わたしに相談は? なんか麻里と話して解決した?
⋯⋯なんかこのふたり、急に仲良いじゃん。
「はいはい、そういうことで水着選びますよー」
なんとなく釈然としないままもんもんとしているうちに、いつの間にか水着売り場に到着していた。
色とりどりの水着を前にして、なぜかわたしの気持ちは一向にふくらまない。
別にいいんだけどさ。なんとなく腑に落ちないっていうの? ⋯⋯あっ、この水着、深月に似合いそう。

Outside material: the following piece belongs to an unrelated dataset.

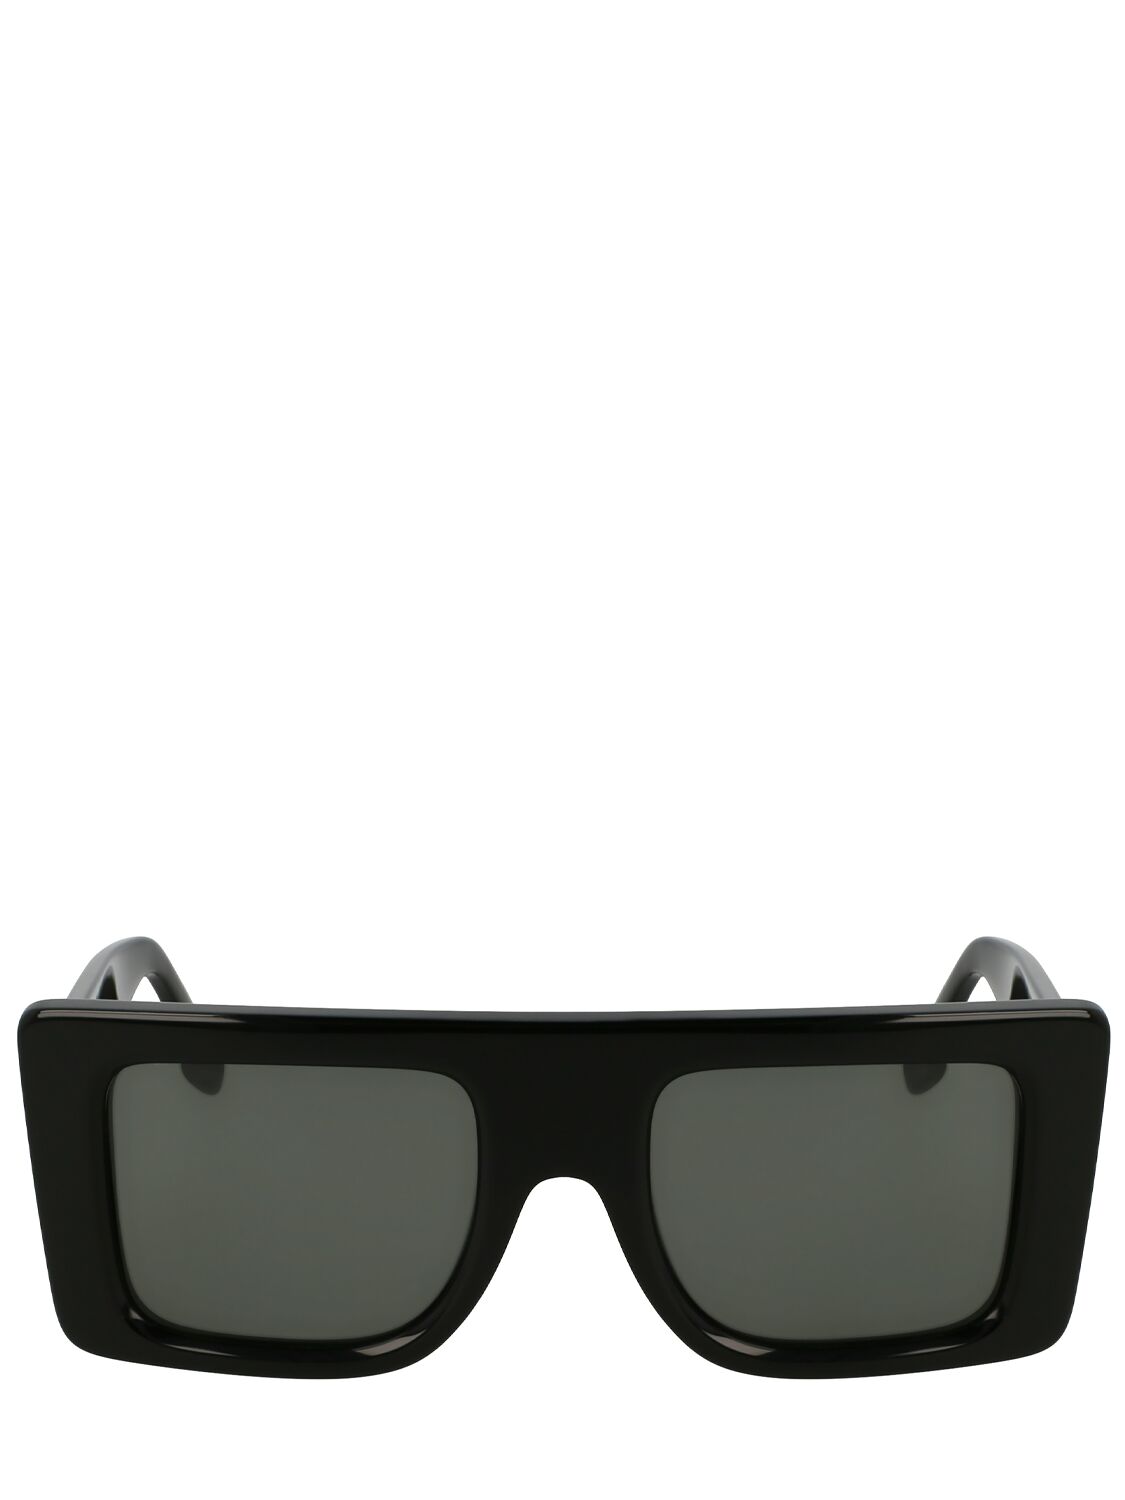 Victoria Beckham B Buckle Acetate Sunglasses In Black

「朱莉、元気ないけど大丈夫? 水着気に入るのない?」
ぼーっと水着を眺めていると、深月が心配そうに寄ってくる。
「そんなことないよ。なんとなく、さっきのが気になってるだけ」
「さっきの? まさか、あの声掛けてきた人達? もしかして、朱莉あぁいう人が⋯⋯?」
「⋯⋯? 違うよ、さっきの相談。麻里が乗ってたから。わたし、深月の力になれないなぁって。内容もよくわかんなかったし」
「そっちか⋯⋯。良かった」
「えっ? 良かったの?」
「あっ、違くて。えっと、あれはそういうんじゃないから」
そういうって、どういうのだろう。やっぱりよくわかんないなぁ⋯⋯。
「朱莉が私の力になれないなんて、そんなことあるわけないから。むしろ朱莉がいてくれるから頑張れるくらいだし」
「そーかなぁ⋯⋯」
わたしなんて相談乗れないし。なんか、麻里と急に仲良いし⋯⋯。
「そうなの。ねぇ、朱莉?」
「なに?」
「水着、選ぶの一緒に考えてくれない? 私ひとりじゃよくわからなくて。朱莉に選んでほしいな」
「えっ? わたしが深月の水着選んでいいの?」
「うん、朱莉の好きなの選んで。お願いしてもいいかな?」
「もちろんいいよ! さっき見たこれとか深月に似合うんじゃないかなと思ってたんだよね」
深月が頼ってくれたことが嬉しくて、しぼんでいた気持ちがふくらんでいく。
我ながら現金だなぁと思うけど、落ち込んでても仕方ないしね。そんなことより深月に似合う水着、絶対に見つけるんだから。
やっぱり、可愛い系より綺麗系がいいかな?
そうして、わたしは目の前に広がる色とりどりの水着にわくわくした気持ちで挑んでいった。